市川の
大きな独り言、小さな叫び



[2018.10.24 W]

評価

 現代に生きる私達は、常に“評価”と言うものに付きまとわれている。特に、学校と言う制度は評価と無関係には存在し得ない。まずもって、教わる側は試験を受け、その成績によって修学が成ったか否かを判定される。普通、私達は評価の結果を何よりも心配する一方、評価のものさしに対してはそれほど気を配らない傾向がある。おそらく、評価、すなわち試験ならば採点、は概ね正しく為されている(に違いない)と良い方向に解釈しているからであろう。

 ところが、ちょっと冷静になって考えればすぐに分かるように、評価者(採点者)の考え一つで最終的な評価点はどうにでもなるのである。例えば、10問で百点満点の漢字の書き取り問題があったとして、各問10点づつではなく、一つ目の正答に91点を、残りの正答に1点づつと言うような配点であったならばどうだろうか。

 大学生は何十科目もの授業を受け、それぞれに対して点数が付く。今、多くの大学では、それらを総合した成績を4点満点の数値で表し学生に順位を付けるようになって来ている。この数値は grade point average (GPA) と呼ばれている。このようすると、さも厳格かつ正確に学生の成績が表現されているように見えるかもしれない。ところが、各科目の点数の付け方、具体的に言えば、授業を担当する教員間で点数の付け方に関する統一がとられていない場合が大半ではないかと思う。すなわち、最終的に出てきた各学生のGPAと言う数値自体にはそれほどの精度はないのである。 (補1)

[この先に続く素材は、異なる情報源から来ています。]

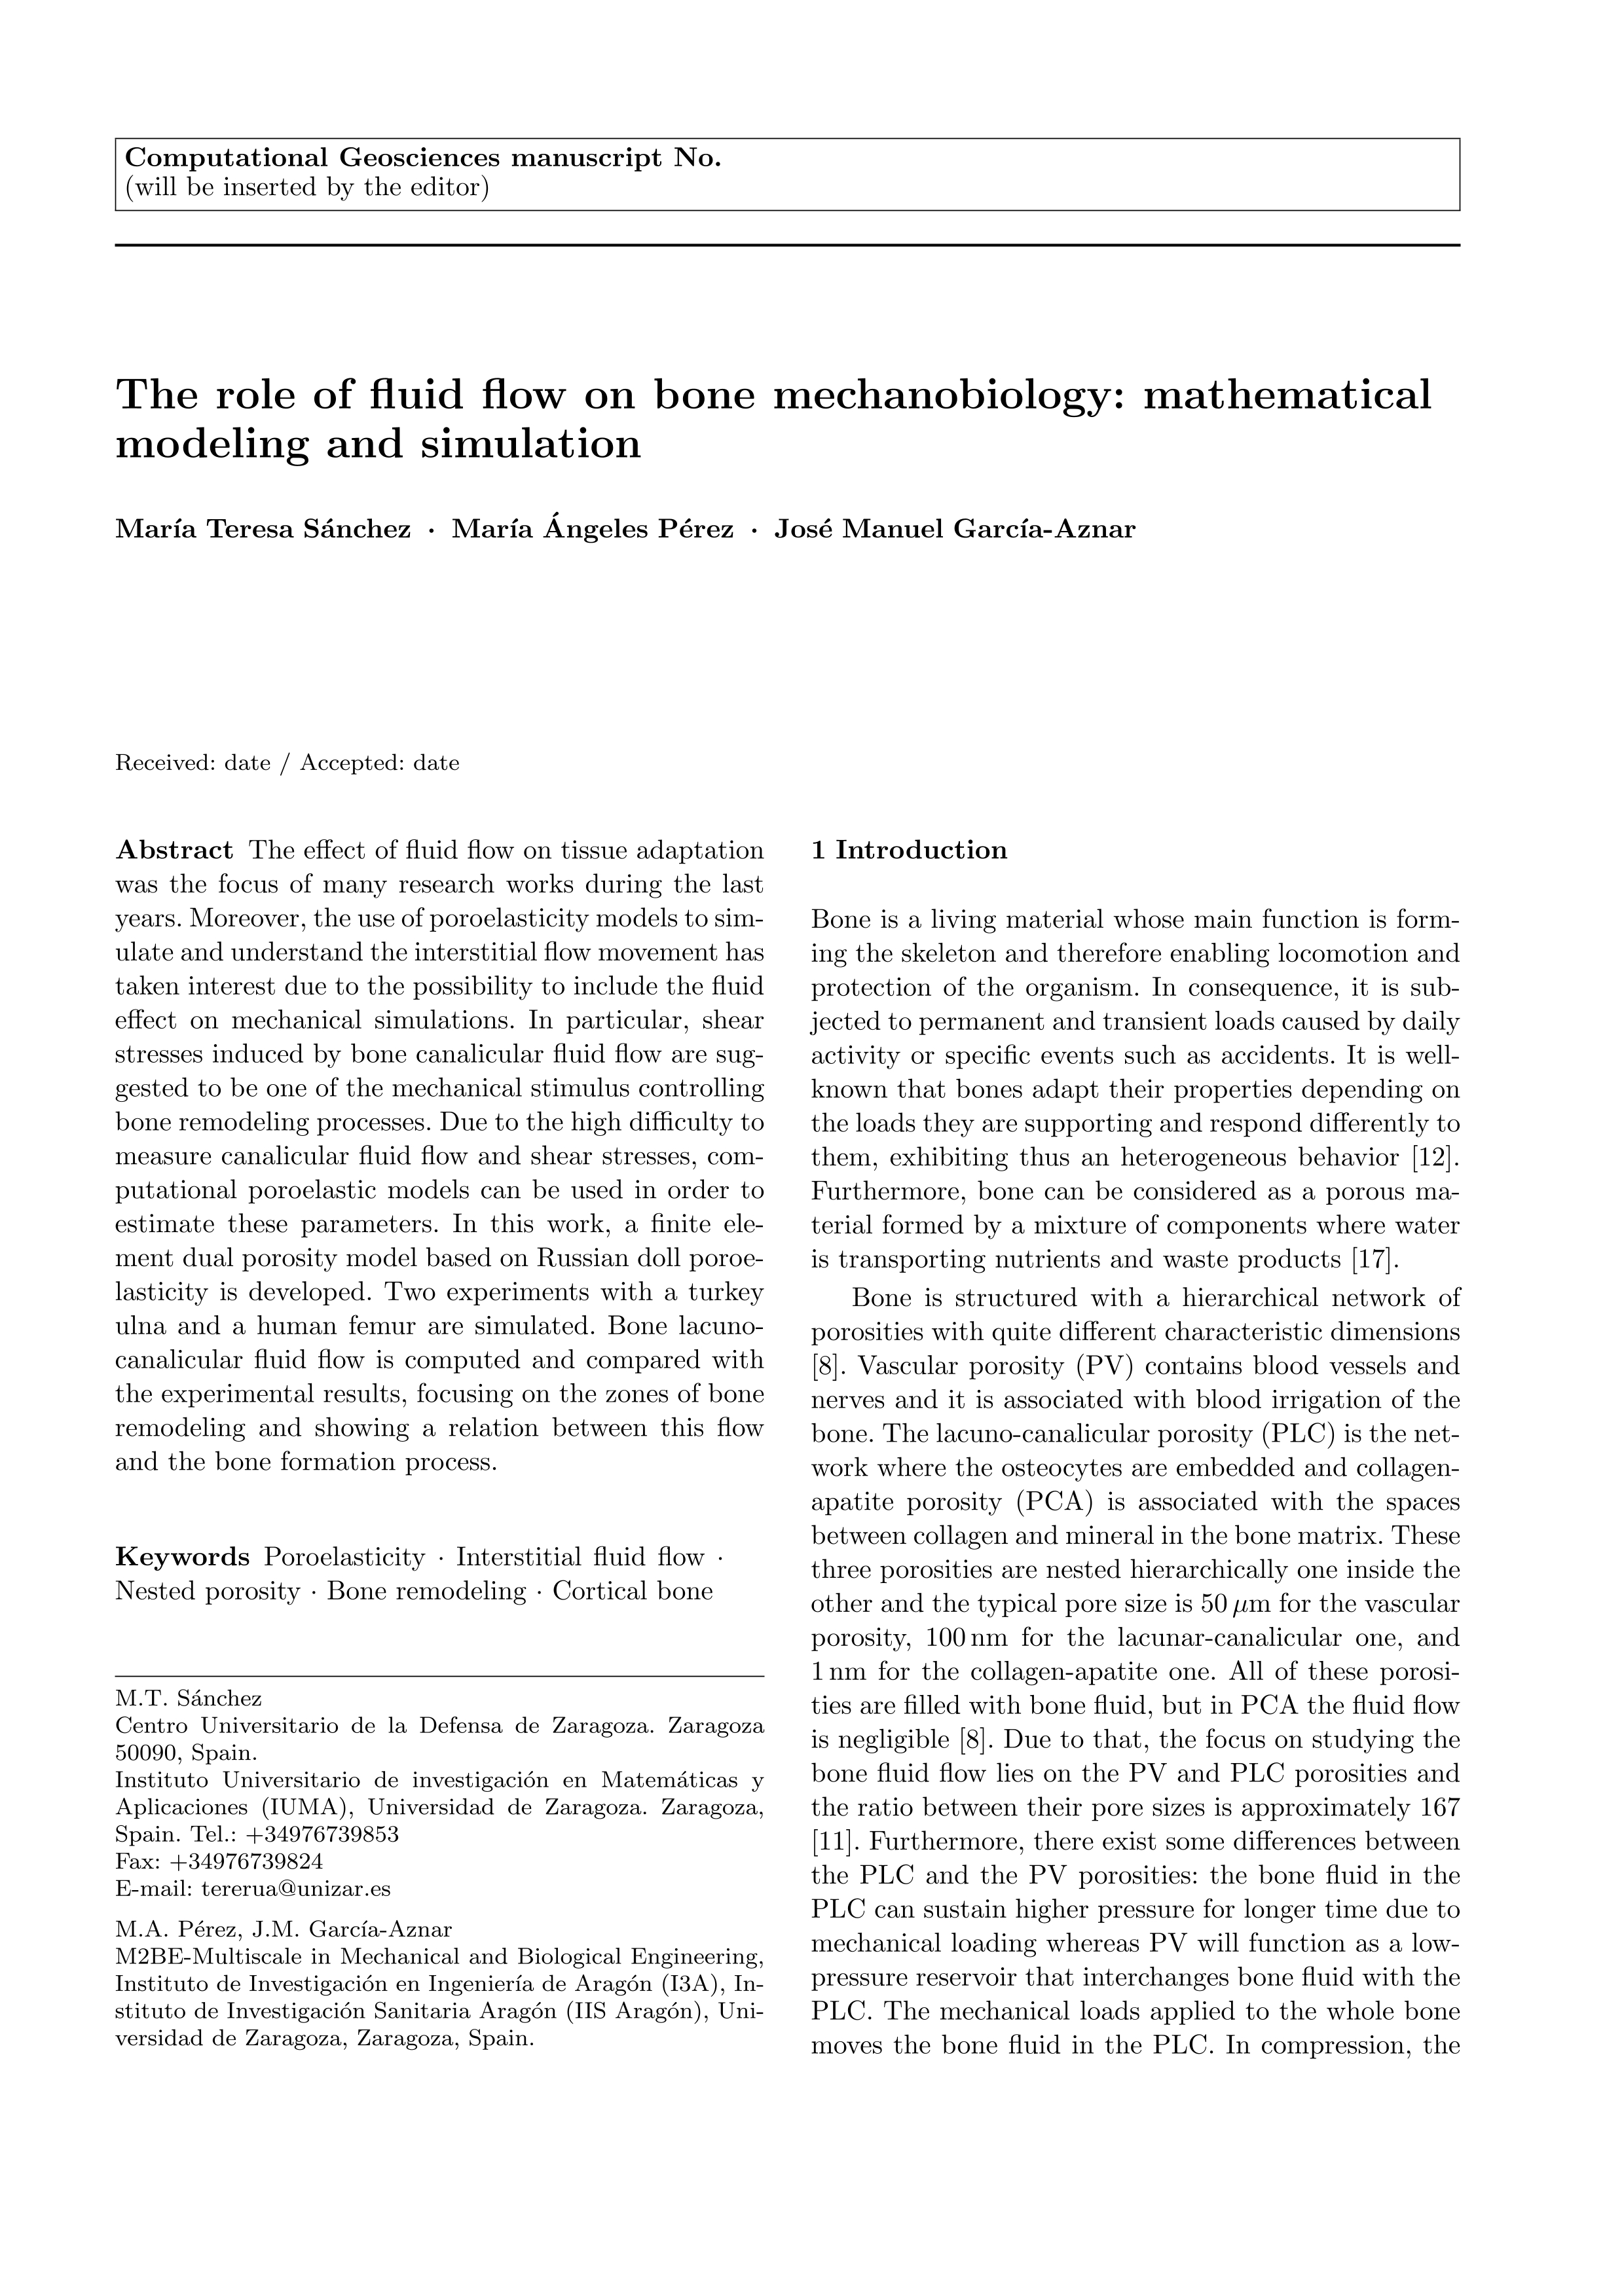 The role of fluid flow on bone mechanobiology: mathematical modeling and simulation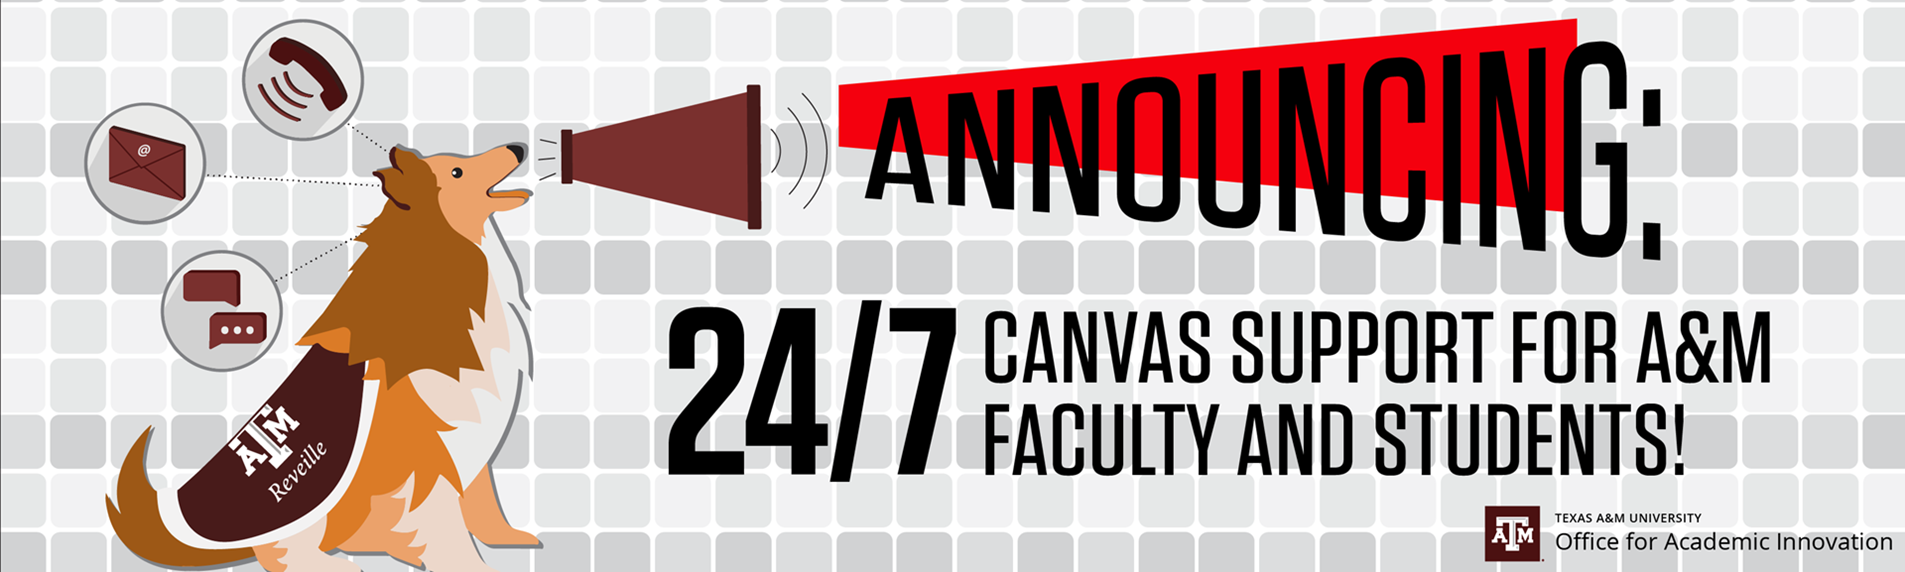 Now Live at TAMU! Get Help Directly in Canvas

 ここで非常に大きな問題は、そのような数値、GPAをあたかも絶対的な指標として色々な場面で活用するようになって来ていることである。奨学金・就職活動・研究室配属、等々。前述の理由により、同じ大学内であっても、異なる学科や学部の学生のパフォーマンスを一つの数値で比較することなど、無謀かつ無意味としか私には思えない。ある数式でもって定義された数値は、その定義の範囲内でしか正しい意味を持たない。この点で、今、多くの大学で利用されているGPAの一人歩きは、大学教育の場において、むしろ危険ですらある。 (補2)(補3)

 このGPAの一人歩きはさらに副作用を伴っている。教員が各学生に付ける試験の点数が(どんどんと)高くなりがちになるのである。学生にとっての成績であるGPAとは別に、各科目ごとに教員が付けた点数の総合と言える(やはり4点満点の)grade point class average (GPC) と言う数値がある。GPCが高ければ甘い、低ければ辛い採点と言えなくもない。これに関して、GPCが低い場合、まるでその授業担当教員がきちんと教育をしていないかのごとく批判をする声も出ていると聞く。これもGPA同様に、意味のない数字に基づいて教育を破壊する行為に等しいと言って良いのではないか。

 要するに、重要な点は、GPA に限らず、元となるデータとそれを用いた算出方法が適切でなければ、最終的に得られた数値には大した意味は無いと言うことである。少なくとも、自然科学系の(大学)人であれば、この程度のことは簡単に想像がつくと思うのだが。 (補4)

 なお、海外の大学との関係における GPA については、機会があれば考えて見たい。


補1
 各教員間で、あるいは大学として、個別の試験の採点方法などを統一する必要があるだろうか。

補2
 多くの大学で、GPA を少しでも上げること(あるいは、下げないこと)を最優先に履修科目を選ぶ学生がいると聞くと、大学教育とは一体、何なのかと考え込んでしまう。

補3
 各教員が任意の基準や考え方で採点した場合であっても、GPAがほぼ正確にパフォーマンスを評価するものさしと成りうるのは、対象とする全ての学生が全く同じ科目を履修する場合のみだろう。

補4
 学術論文の評価に用いられるインパクトファクターに関しても、その利用の拡大に伴って、間違った使い方も目に付くようになって来たと感じられる。